Добавить в цитаты Настройки чтения

Страница 5 из 11

– Приходилось. Семь лет тому, когда московская императрица паломничала в Киеве. Тогдашней иллюминацией, насколько помнится, руководил фойермейстер Йоган из Дрездена. Славный был мастер. Ему тогда удались и вихри огненные, и звездные купола.

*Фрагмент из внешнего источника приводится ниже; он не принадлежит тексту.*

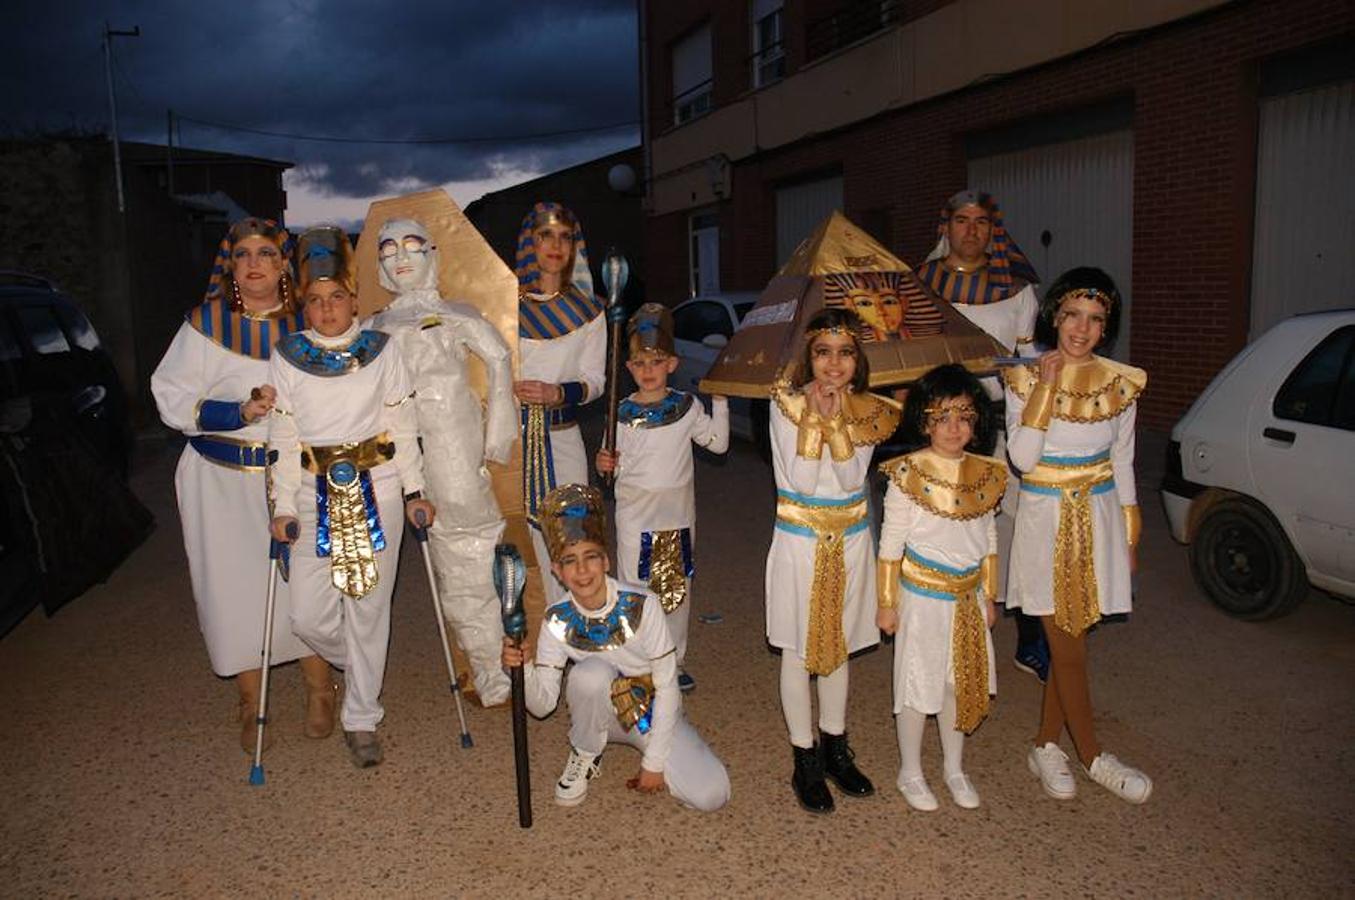 Afición y devoción por el Carnaval. La localidad de Valverde festejó el desfile en honor a Don Carnal con alegría y colorido. Los atuendos para la ocasión lucieron en todo sus esplendor entre peques y mayores.

– Над пылающей Академией звездных куполов я не заметил, но огненный вихрь вознесся над самим шпилем Петропавловского собора. Такой могучий был вихрь, что горящие куски крыши, словно адские чайки, долетали до Сиверсовой верфи. Там всю ночь поливали ребра недостроенных шнав[11]. Сгорела также Кунсткамера. Мы с Ломоносовым тщились ее спасти. Михайло чуть не сгорел, вытаскивая колбы со всевозможными уродами. Много народу нам помогало. Но природа огня оказалась сильнее. Почти все сгорело. Верите ли, я своими руками вытащил из огня чучело двухголового чудища. Говорят, что предивное сие чучело царь Петр обменял на стофунтовую малахитовую глыбу. У чудища из обеих пастей уже дым валил, когда я с ним выбежал на першпективу и окропил водой. Пресмешное и символическое было зрелище, зеваки даже священника позвали. Просили батюшку молитвой оградить столицу от огнедышащего Сатанаила. По этому случаю я и в «Ведомости» попал. Поймал, как говорят пииты, золотую улыбку славы. Только вот фамилию мою в «Ведомостях» переврали. Нарекли они меня в новостной циркуляции «странствующим мальтийским кавалером Загромозой». Как вам на вкус? За-гро-мо-за! Полагаю, что не вполне куртуазно, друг мой, входить в анналы человечества под таким пушечно-варварским именем[12].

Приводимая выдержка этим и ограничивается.